Dead Crops, Extreme Drought And Endless Wildfires Are Now The New Normal In America

Michael Snyder The Economic Collapse Aug 6, 2012

As you read this, the United States is experiencing the worst drought it has seen since the Dust Bowl days of the 1930s.  As you read this, nearly half of all corn crops in the United States are in “poor” or “very poor” condition.

As you read this, 38 major wildfires are ripping across the central and western United States.  The brutal wildfires in Oklahoma have been so bad that they have madenational headlines.  The price of corn has hit a brand new record high this summer and so has the price of soybeans.  More than half of all the counties in this country have been declared to be “natural disaster areas” by the U.S. Department of Agriculture at this point.  Things are so bad for ranchers that the CEO of Smithfield Foods is projecting that meat prices will rise by “significant double digits” in the months ahead.  Sadly, this drought is projected to continue throughout August and into September.  As you will read about below, some meteorologists are even openly postulating that there may not be enough moisture to avoid another drought next year.  Yes, things are really bad this year, but when you step back and take a look at the broader picture they become truly frightening.

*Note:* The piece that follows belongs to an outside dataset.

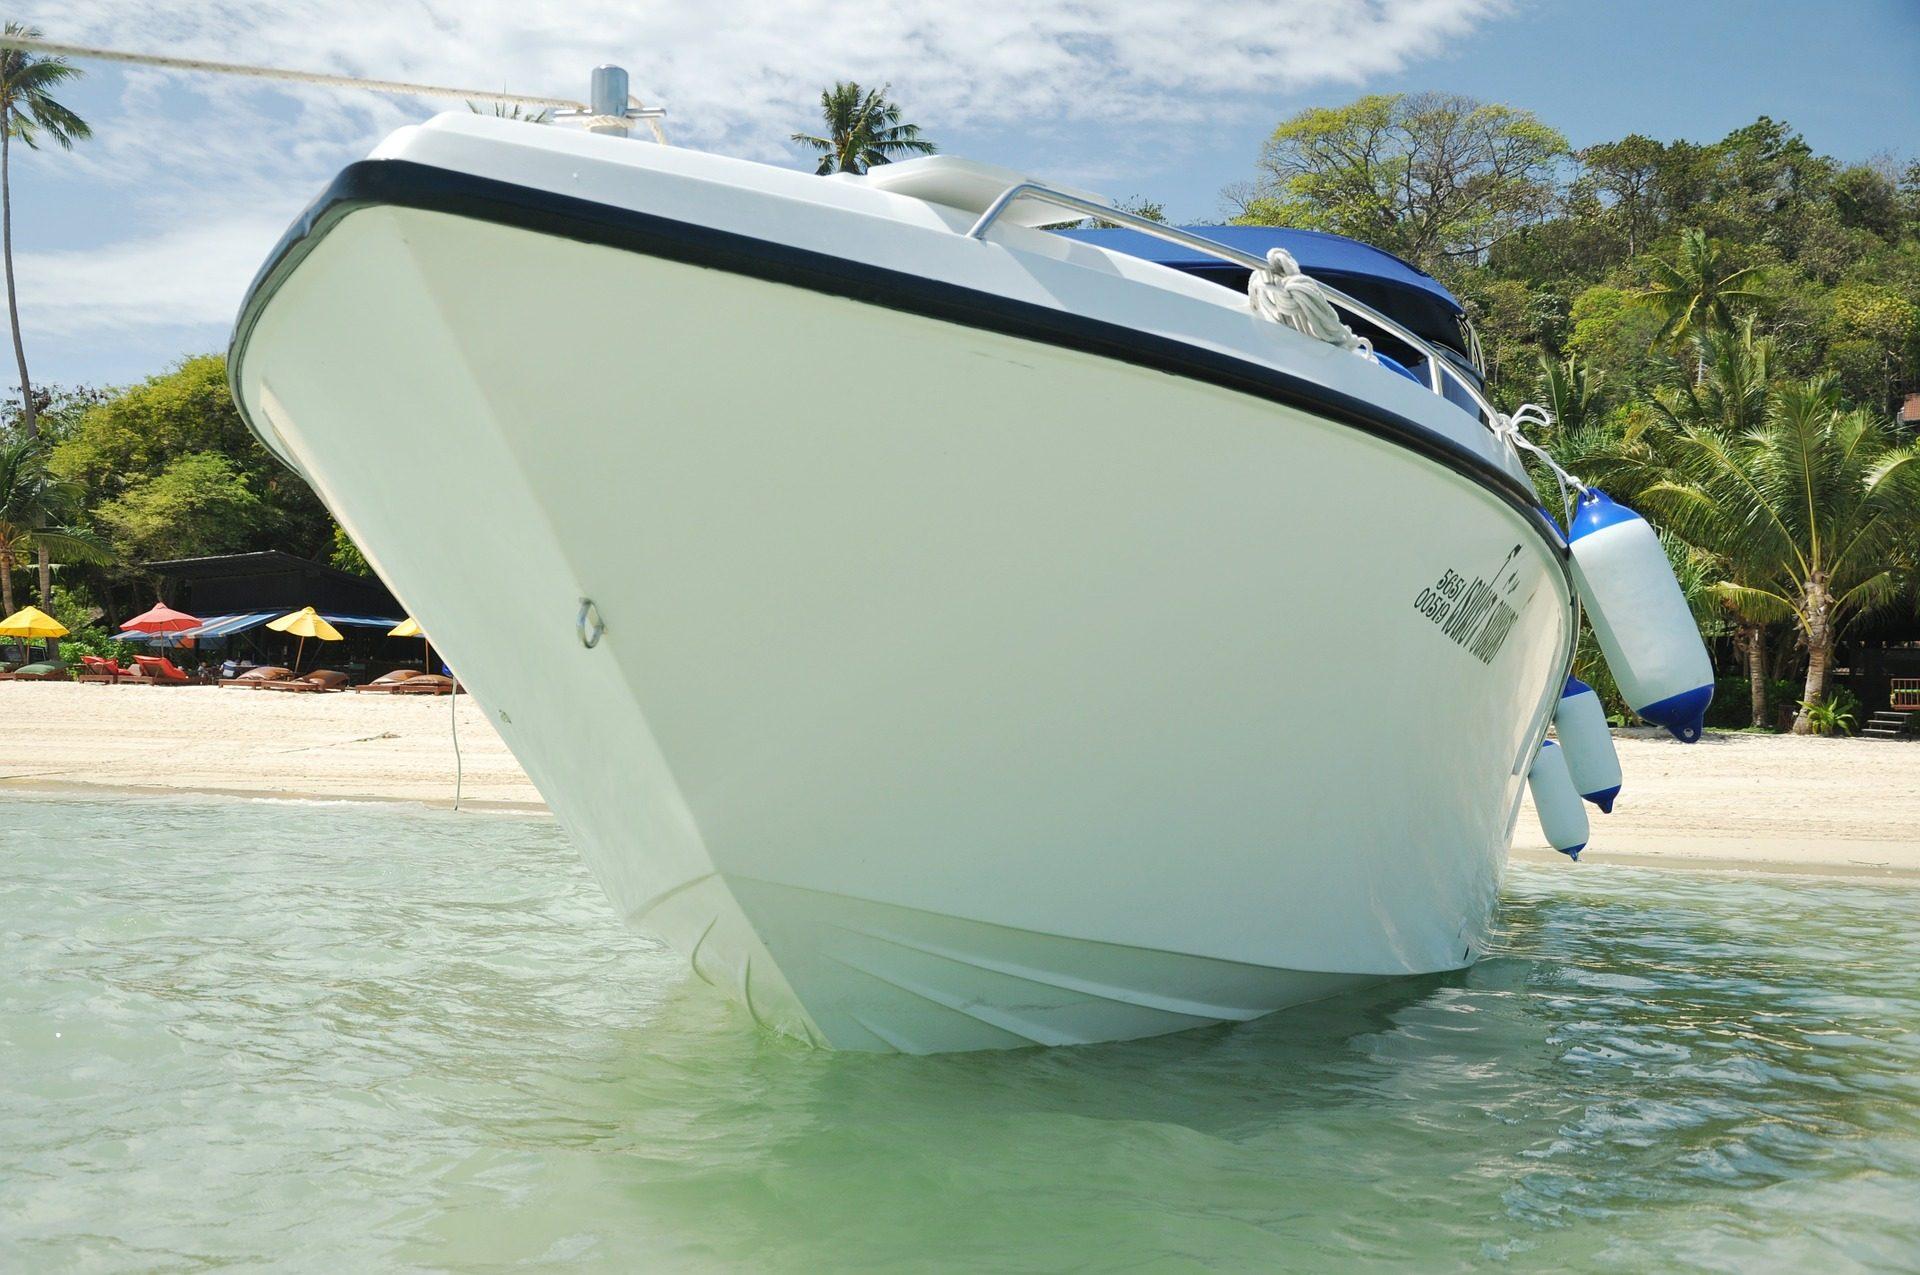 小船, 游艇, 哥斯达黎加, 海滩, 系泊设备, 海, 遮阳伞 - 高清壁纸 - 教授-falken.com

According to the U.S. Drought Monitor, as of July 31st close to two-thirds of the continental United States was experiencing at least some level of drought….

Keep in mind that brown is “severe drought”, red is “extreme drought” and dark brown in “exceptional drought”.

This is truly a historic drought.  We have never seen anything like this in modern times in the United States.

The week before, this is how the U.S. Drought Monitor described conditions in the center of the country….

“Over 90 percent of the topsoil was short or very short of moisture in Oklahoma, Kansas, Nebraska, Missouri, Iowa, Illinois, Indiana, and Ohio, with virtually all (99 percent) short or very short in Missouri and Illinois”

There had been some hope that rain would bring relief to farmers in the central part of the country, but instead things just keep getting worse and worse.

At this point, close to half of all corn being grown in the U.S. is either in “poor” or “very poor” condition.